§ GIVEN DATA

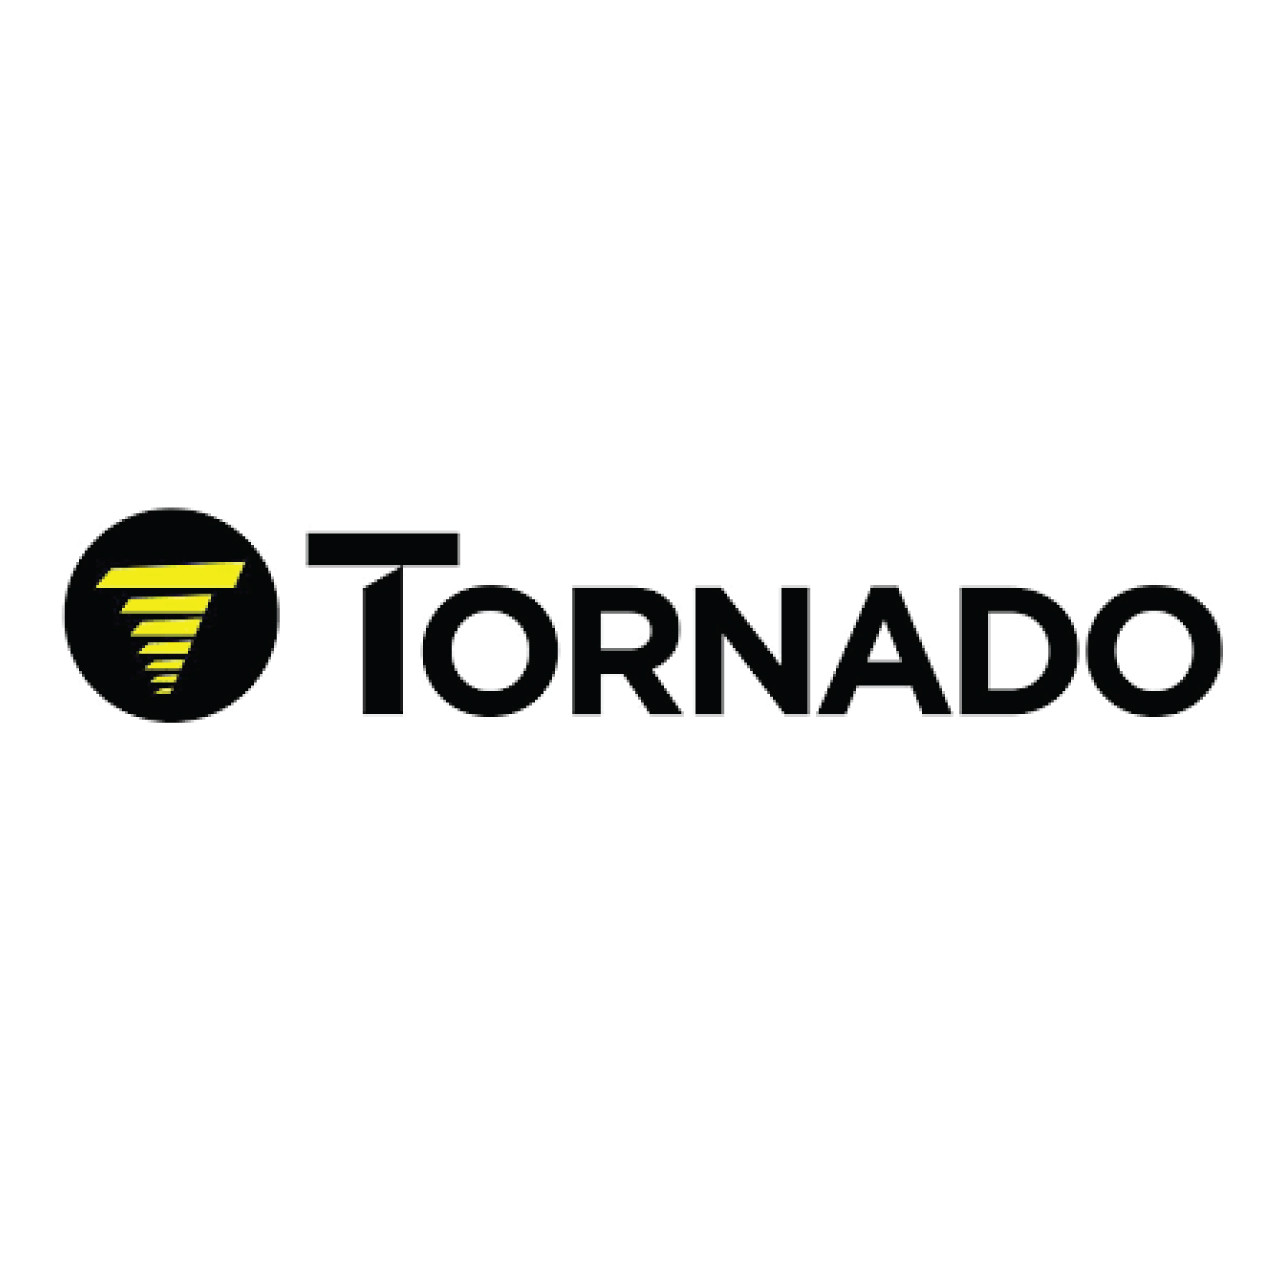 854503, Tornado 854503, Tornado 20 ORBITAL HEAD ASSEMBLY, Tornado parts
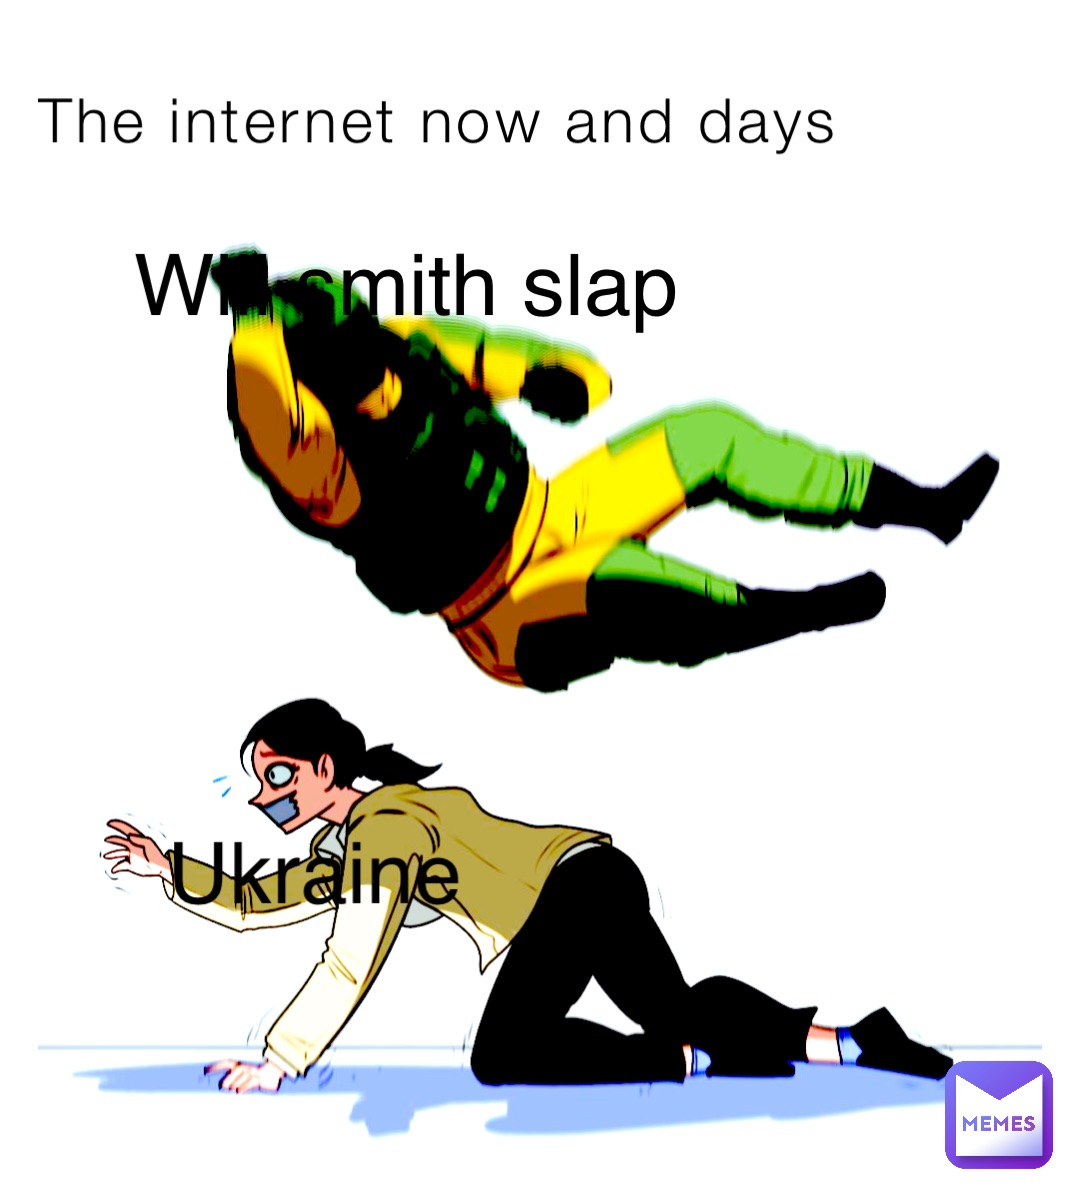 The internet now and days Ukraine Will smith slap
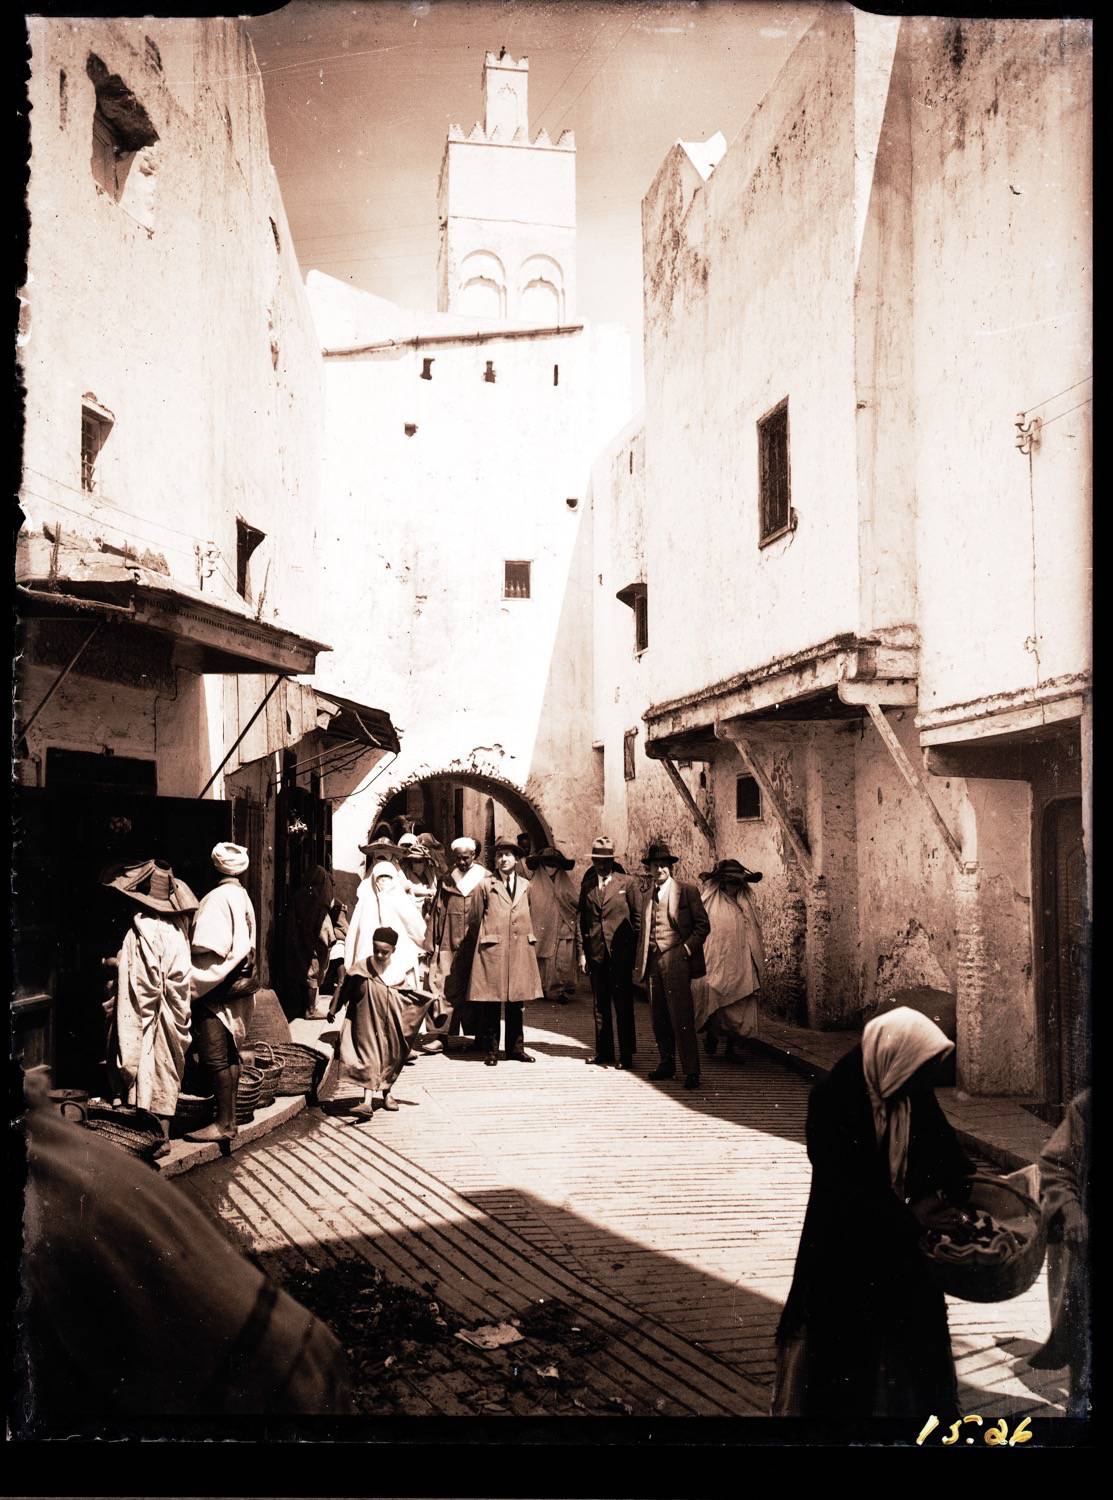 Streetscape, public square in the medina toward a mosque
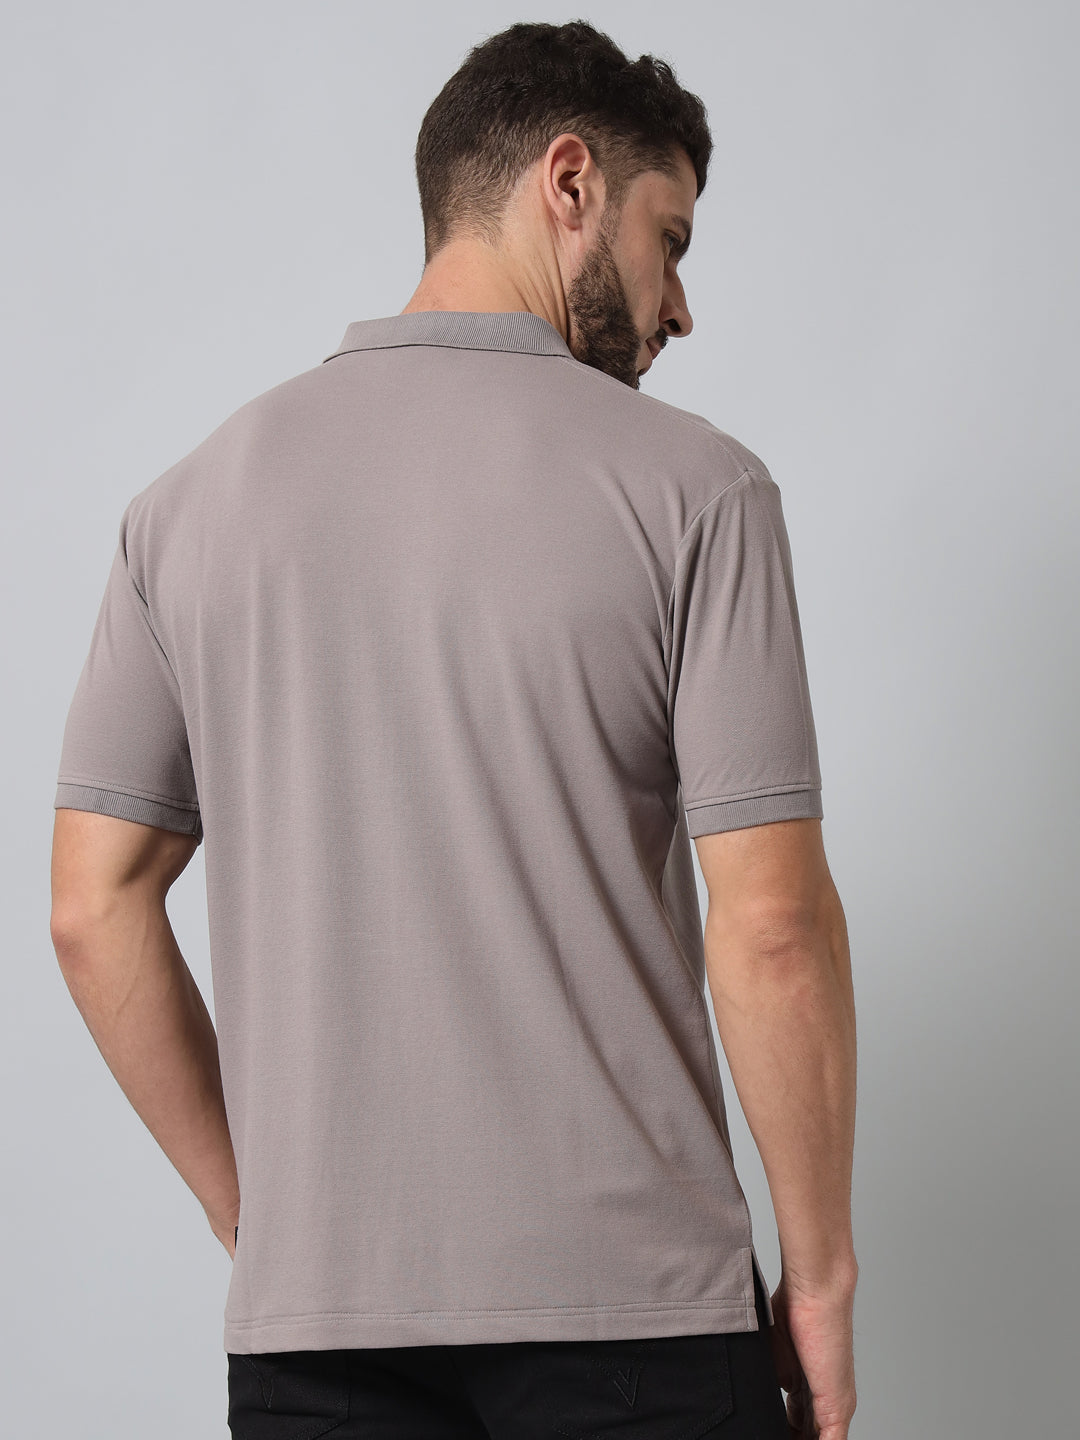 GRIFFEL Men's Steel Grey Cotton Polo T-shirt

§ WORK REQUIRED
What is needed is an exact copy of all the data, with no images in it.

§ SOLVED PROBLEM
 854503, Tornado 854503, Tornado 20 ORBITAL HEAD ASSEMBLY, Tornado parts
 The internet now and days Ukraine Will smith slap
 Streetscape, public square in the medina toward a mosque
 GRIFFEL Men's Steel Grey Cotton Polo T-shirt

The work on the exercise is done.